Taiwan: GDP growth is expected to have remained stable at 1.7% YoY in 2Q. The contraction in exports moderated somewhat last quarter, thanks to rising shipments to the US. Investment growth remained strong, as evidenced by the high-frequency indicators like capital goods imports and building permits granted for construction. Consumption growth appeared stable, with the gains in retail sales offsetting the decline in consumer confidence. Overall, it seems that the economy has avoided further deterioration in 2Q despite the challenging global environment, thanks to the trade diversion effect of US-China trade war and investment repatriation by Taiwanese firms based in China. We are maintaining our full-year GDP growth forecast at 1.9%.
South Korea: Exports are projected to contract -11.9% YoY in July, still a sharp pace compared to -13.7% in June. The rise in exports to the US market (trade diversion effect of the US-China trade war) has not been enough to offset the decline in exports to China so far this year. Meanwhile, Japan’s recent curb of high-tech exports to South Korea presents new headwinds. The disruption impact on South Korea’s semiconductor production and shipments is expected to emerge as soon as July. On the prices front, CPI inflation is forecasted to rise to 1.1% in July from 0.7% in June, but mainly due to the temporary low base effect. CPI numbers are expected to fall back to around 0.5% from August onwards, creating the room for the Bank of Korea to cut rates by another 25bps towards the end of this year.

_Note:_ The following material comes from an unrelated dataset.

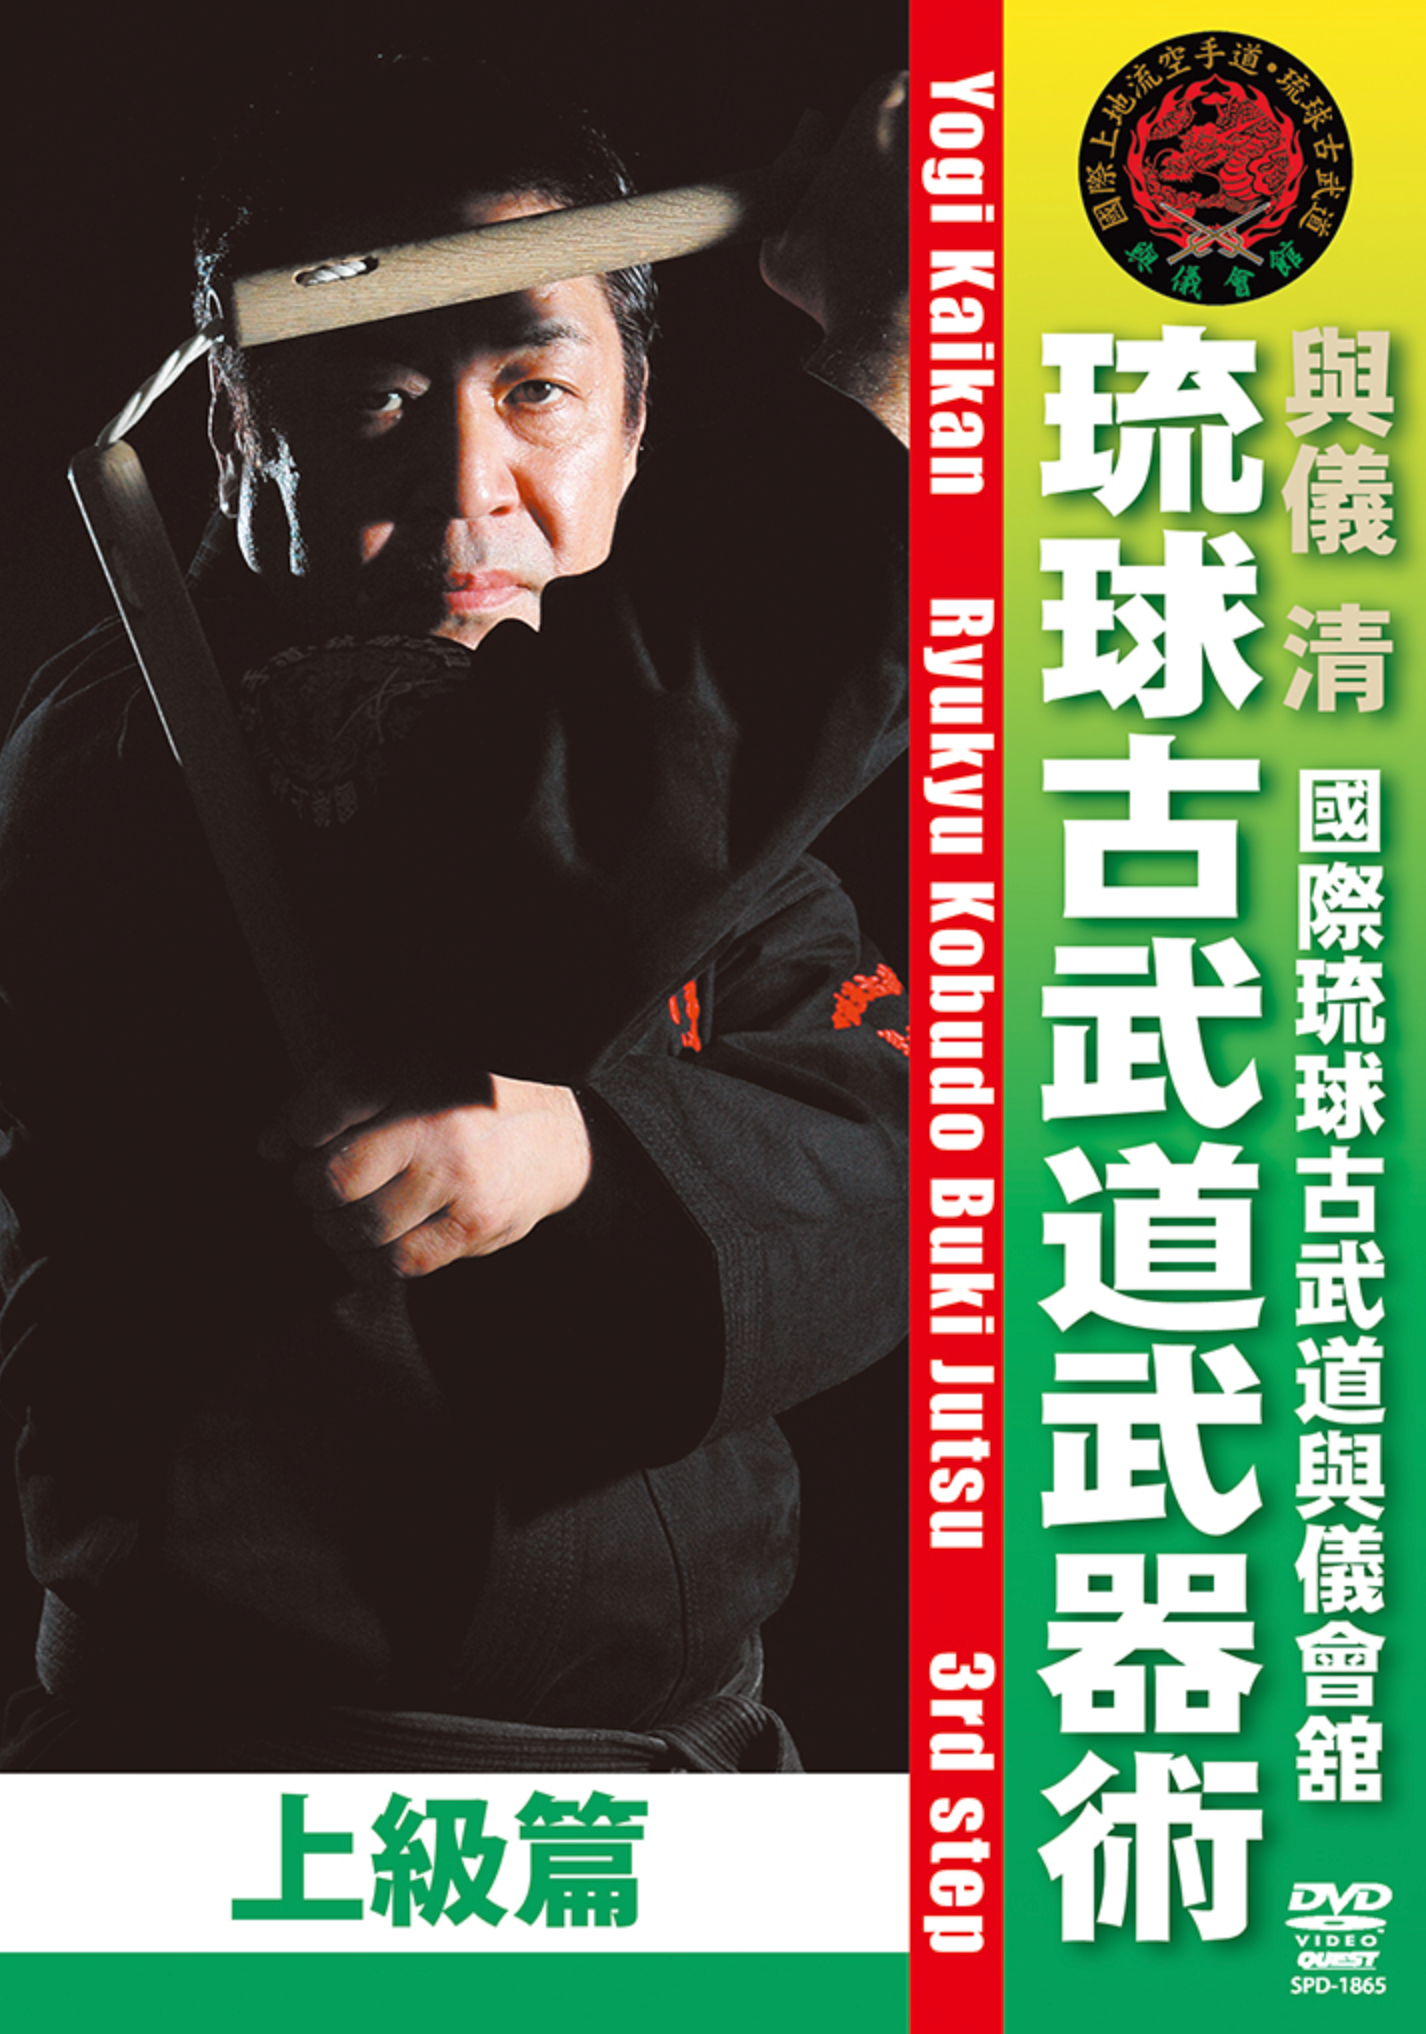 Ryukyu Kobujutsu Buki Jutsu Vol 3 DVD with Kiyoshi Yogi - Budovideos

Thailand: July inflation is expected to stay benign and below the BOT’s 1-4% target range. We look for headline CPI to ease to 0.8% YoY from 0.9% month before, as components outside of food remain weak. Domestic fuel prices are down on the year, which in turn is weighing on the Transport & Communication segment. The latter was the biggest drag on the headline in June, with further decline here and unfavourable base effects to keep overall inflation in check. The central bank is fixated on the exchange rate rather than the inflationary trends, as the THB maintains its spot as the regional outperformer with YTD gains of over 5%/ USD. Apart from the disinflationary impact, a strong currency hurts trade competitiveness in midst of an already challenging regional trade outlook.